I've a dataset with ~150K entries of GPS coordinates that looks like this:
log_time latitude longitude
0 1.555840e+09 45.429597 11.974981
1 1.555869e+09 45.429597 11.974981
3 1.555869e+09 45.429596 11.974984
4 1.555869e+09 45.429490 11.975089
5 1.555869e+09 45.429092 11.975478
count 147538
mean 0 days 00:02:27.234798
std 0 days 02:34:54.243149
min 0 days 00:00:00
25% 0 days 00:00:03
50% 0 days 00:00:05
75% 0 days 00:00:08
max 39 days 12:25:39.551000
Name: log_time, dtype: object
I expect such Dataframe to scale to several million records in the near future, so scalability is a priority.
I'd like to interpolate the movements such that for the wider gaps, there's at least a GPS record every 60 seconds.

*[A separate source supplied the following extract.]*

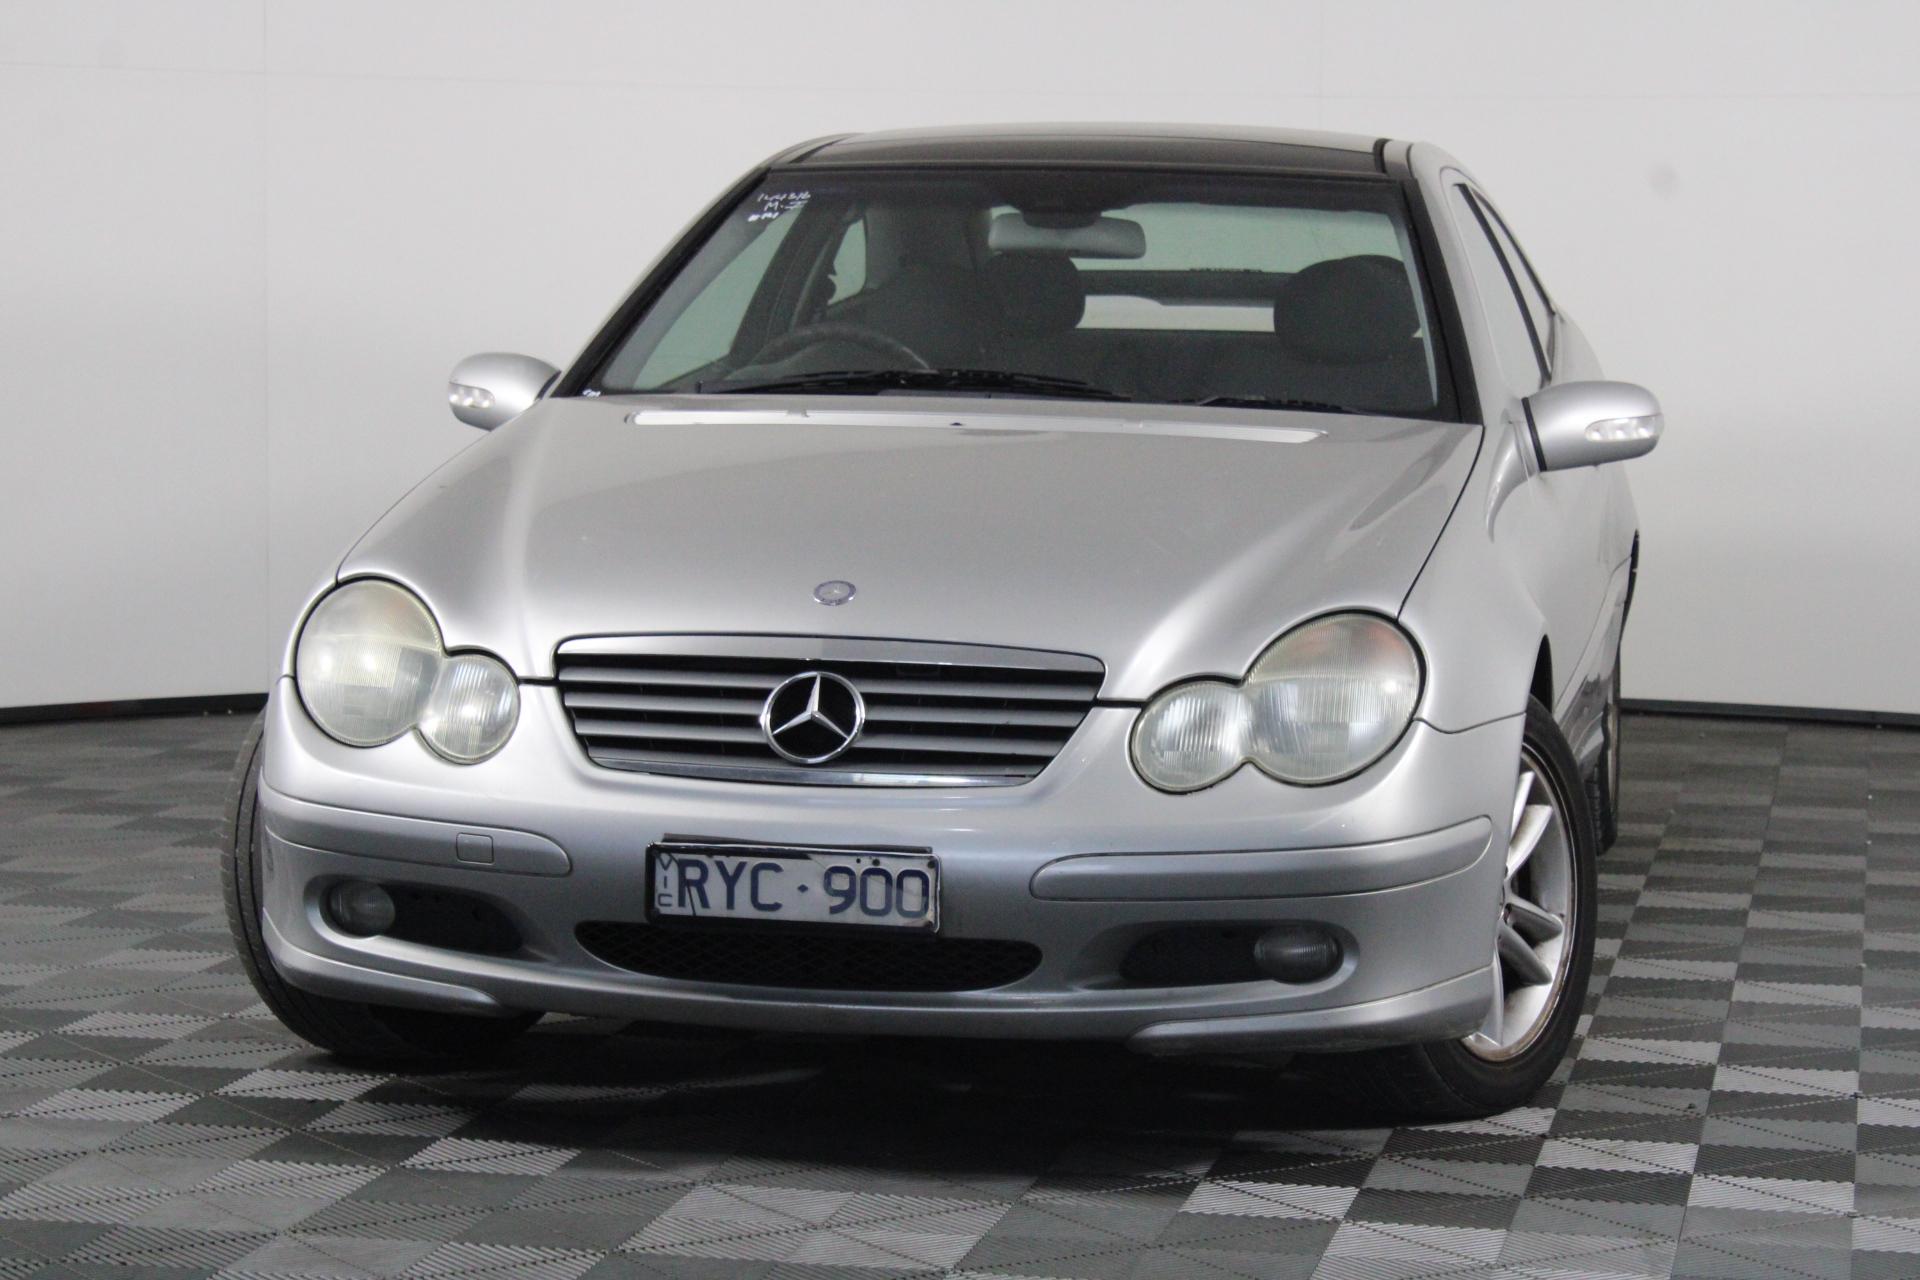 2002 Mercedes Benz C180 Kompressor CL203 Automatic Coupe

The standard method would be:
dff = dff.set_index(dff.pop('log_time'))
dff = dff.reindex(np.arange(dff.index.min(), dff.index.max()+1))
Which produces:
latitude longitude
log_time
1.555840e+09 45.429597 11.974981
1.555840e+09 NaN NaN
1.555840e+09 NaN NaN
1.555840e+09 NaN NaN
1.555840e+09 NaN NaN
That is to be interpolated with something like dff.interpolate().reset_index()
.
However I have a huge issue: none of the interpolation functions provided by scipy (and thus by pandas) is suitable for GPS distances—that are arcs, not straight lines. From what I've seen there's no easy way to extend the interpolation function though
I already have the distance function I'd use, but I see no easy way to deploy it without having to resort to nested for-loops.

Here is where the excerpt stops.